Below are some records. Return exactly their lines from the one containing "Amazon dévoile un" through the one containing "Real Stock|【164/500 CREAMED", and drop the pictures.

**** Provided material ****

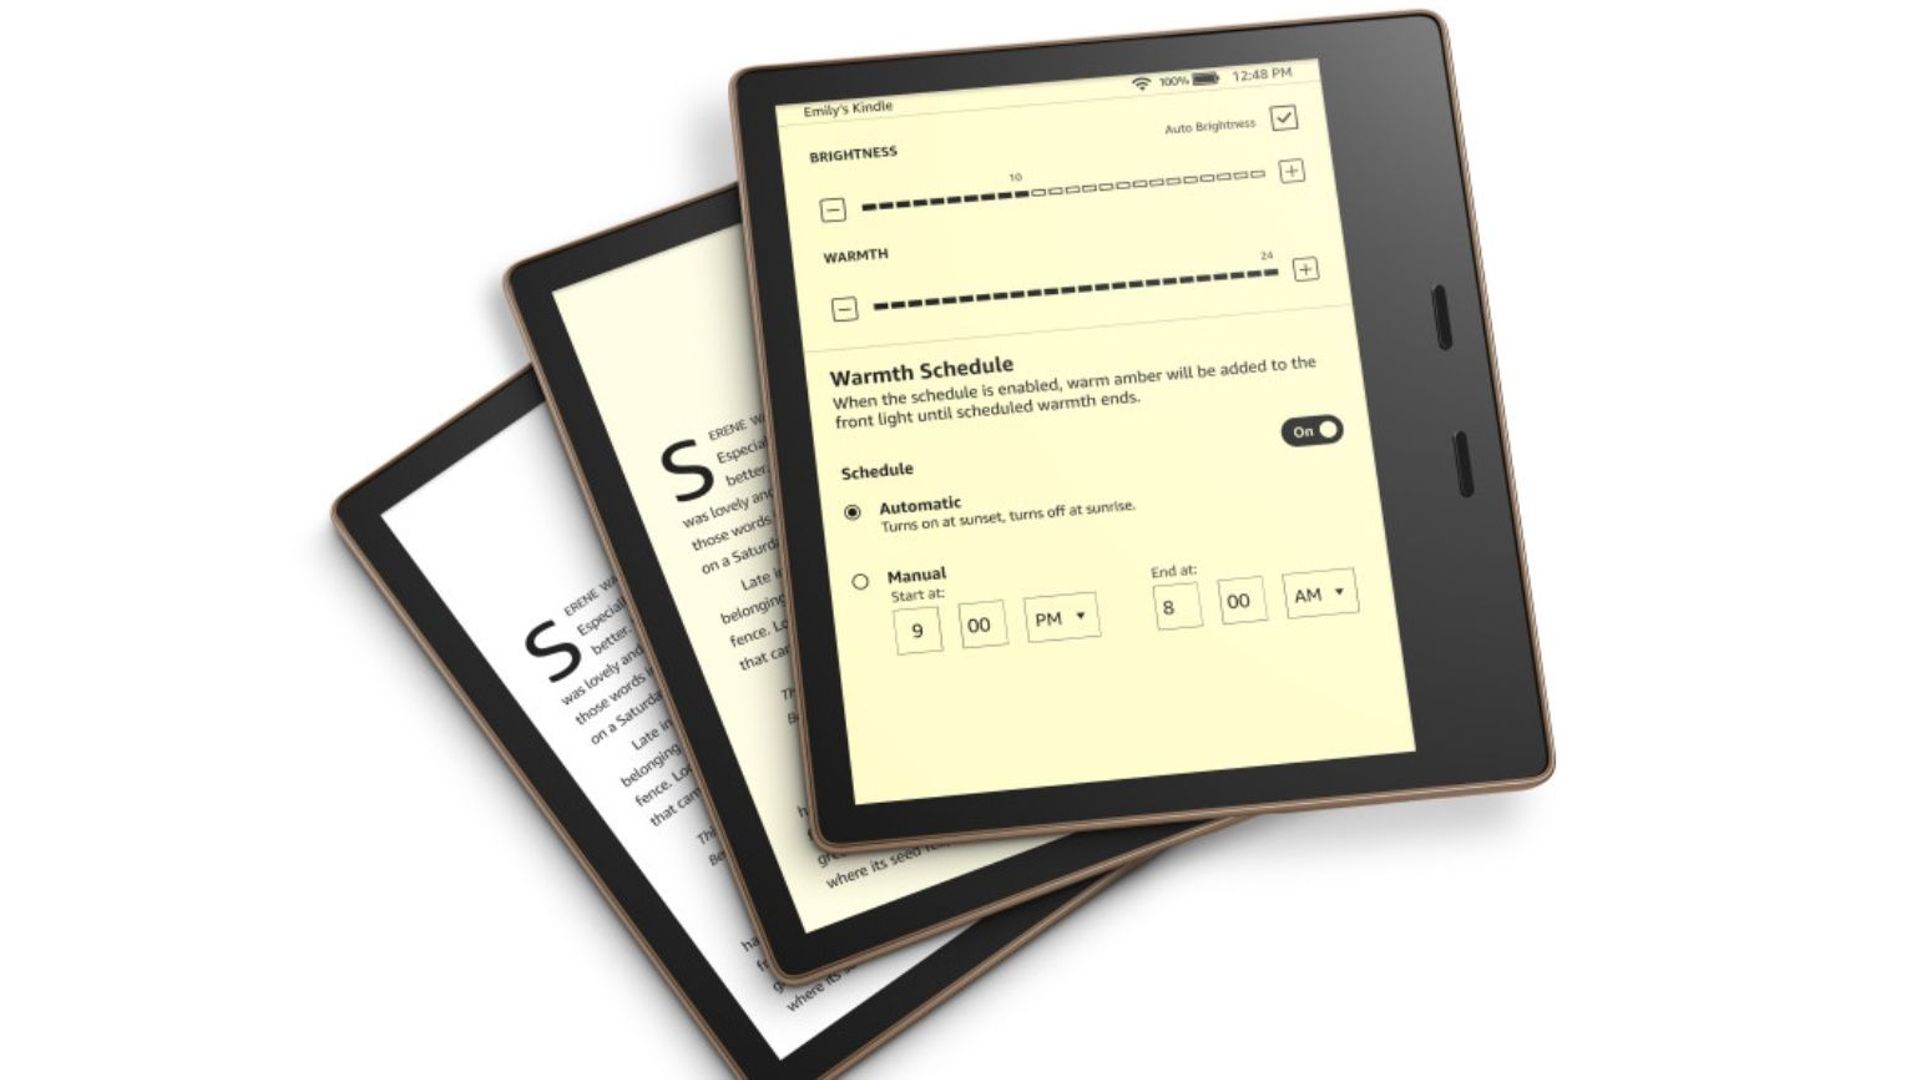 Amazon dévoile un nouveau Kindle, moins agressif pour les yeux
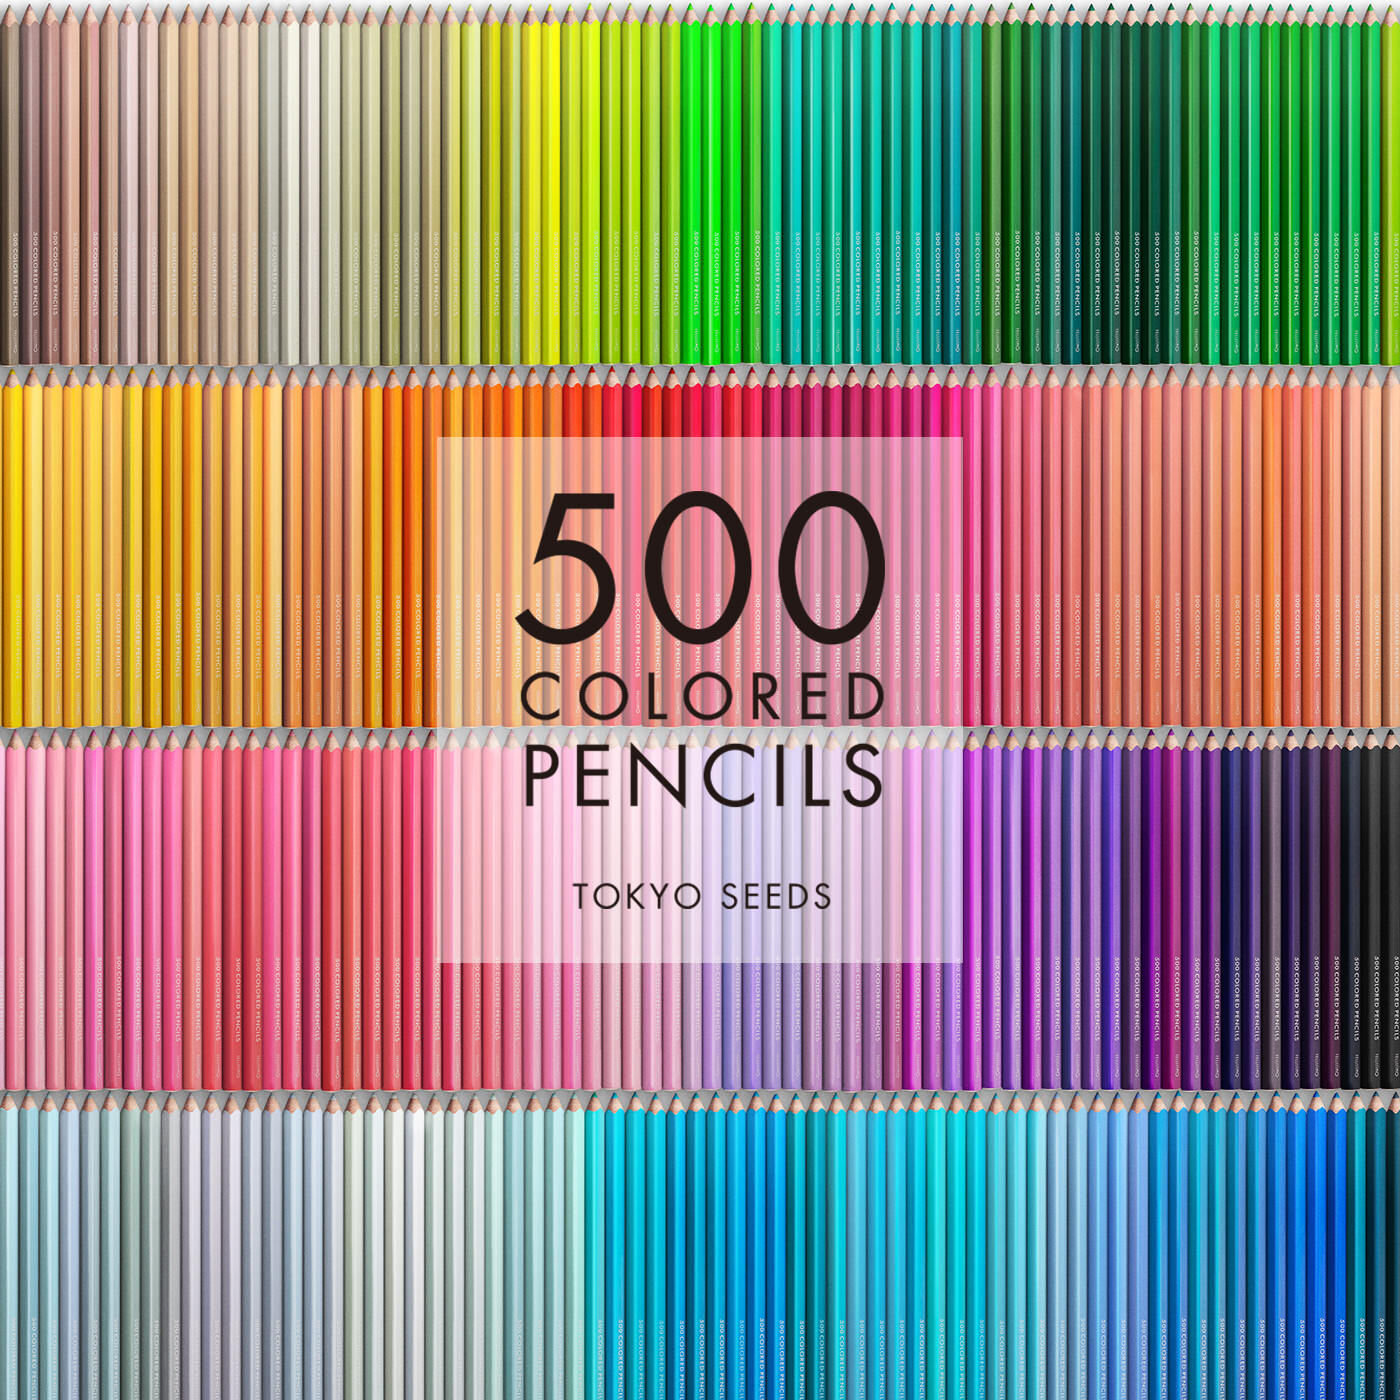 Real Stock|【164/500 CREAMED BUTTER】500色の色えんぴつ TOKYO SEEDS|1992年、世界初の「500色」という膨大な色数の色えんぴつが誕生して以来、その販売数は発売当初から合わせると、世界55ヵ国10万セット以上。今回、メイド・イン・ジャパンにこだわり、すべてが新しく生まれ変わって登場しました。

****
**** Provided material ****

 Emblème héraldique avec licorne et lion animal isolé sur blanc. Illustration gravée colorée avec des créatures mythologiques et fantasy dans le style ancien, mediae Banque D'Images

****
**** Provided material ****

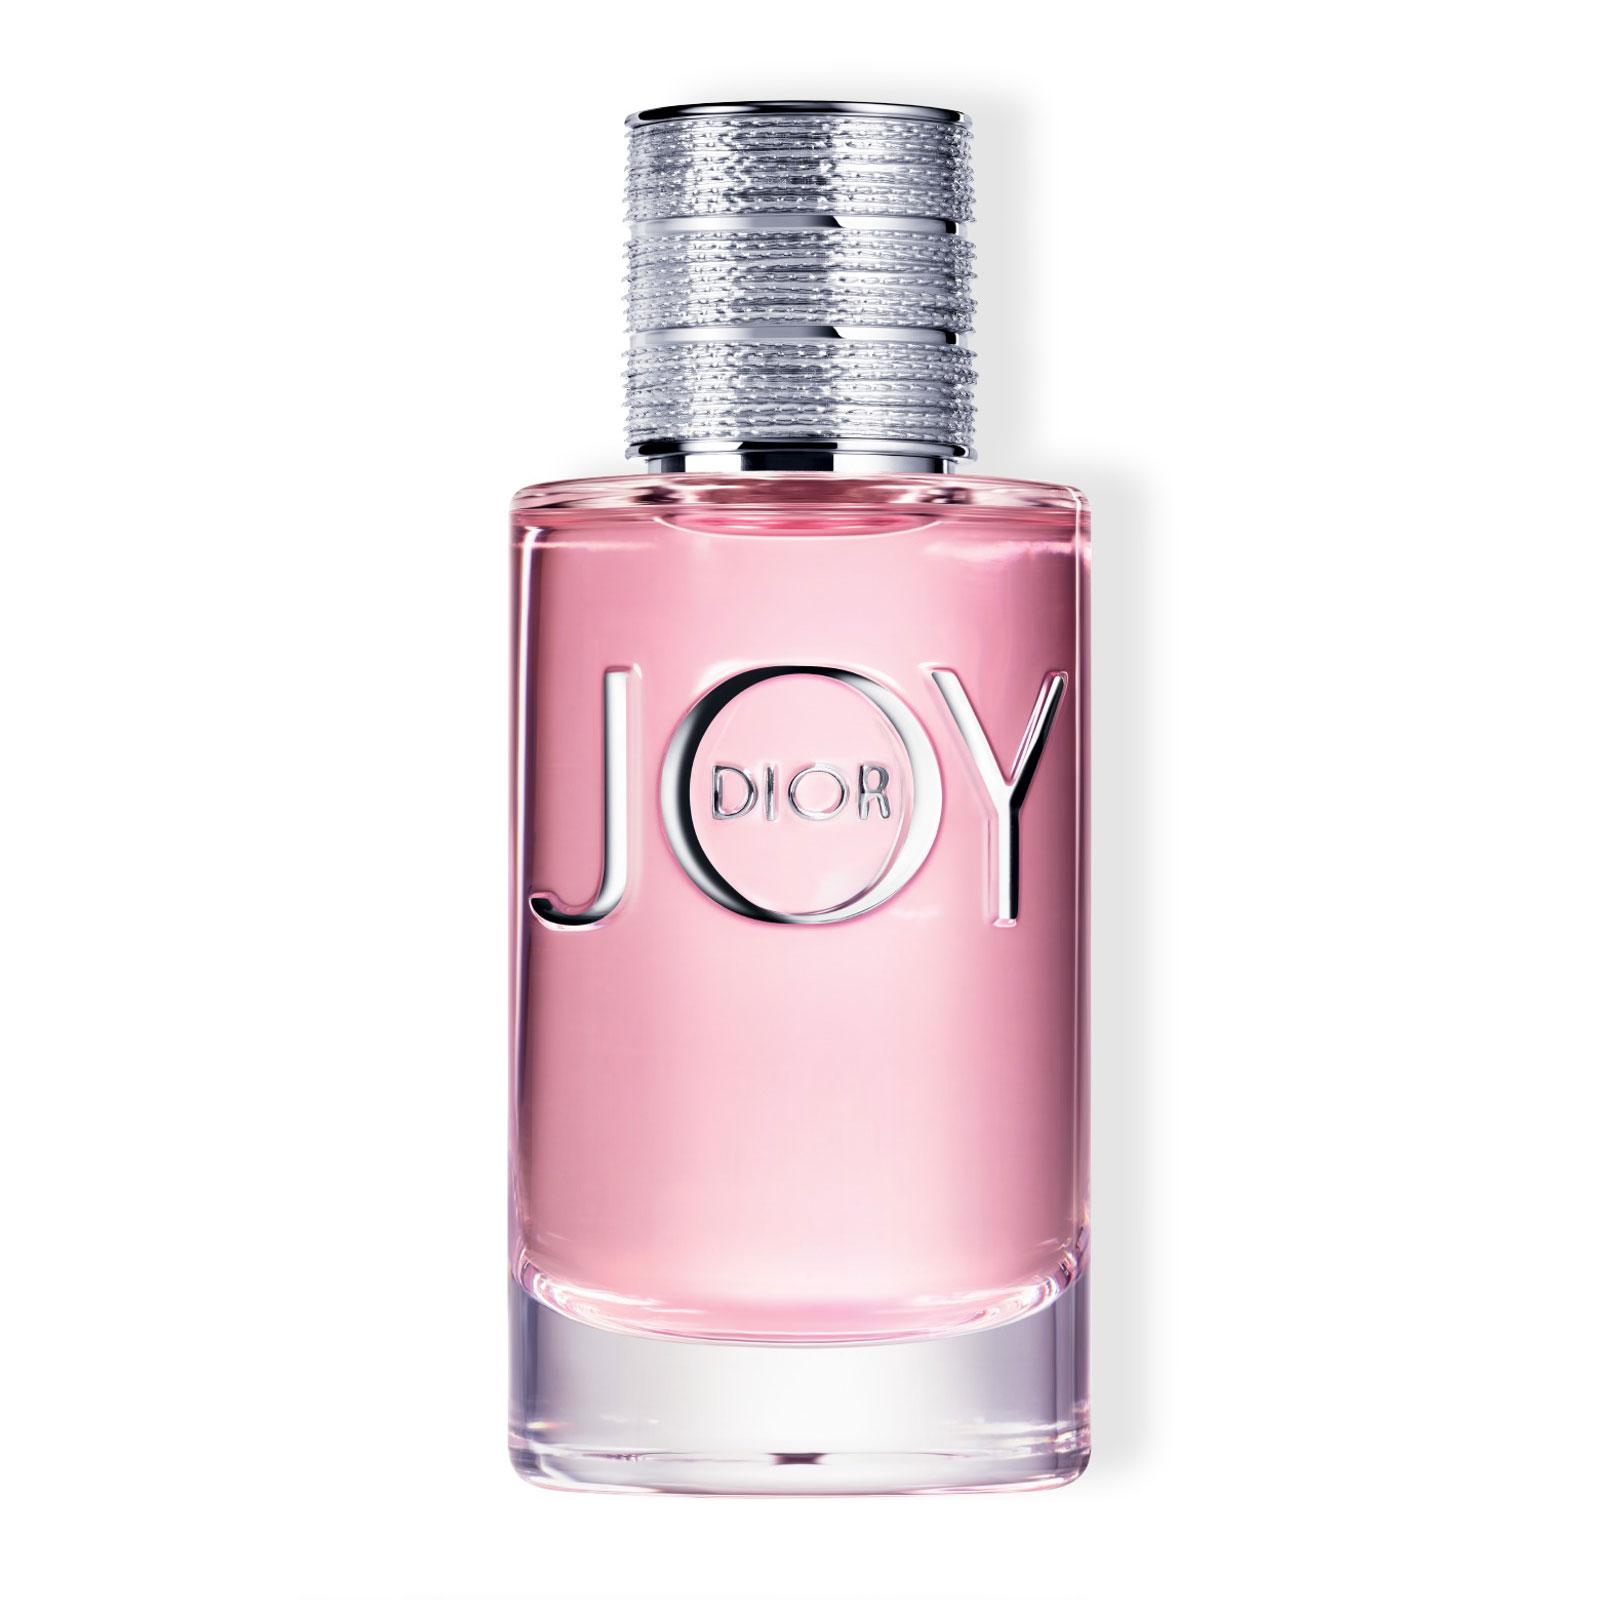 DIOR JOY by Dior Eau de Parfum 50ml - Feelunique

****

Exercise solution
 Amazon dévoile un nouveau Kindle, moins agressif pour les yeux
 Real Stock|【164/500 CREAMED BUTTER】500色の色えんぴつ TOKYO SEEDS|1992年、世界初の「500色」という膨大な色数の色えんぴつが誕生して以来、その販売数は発売当初から合わせると、世界55ヵ国10万セット以上。今回、メイド・イン・ジャパンにこだわり、すべてが新しく生まれ変わって登場しました。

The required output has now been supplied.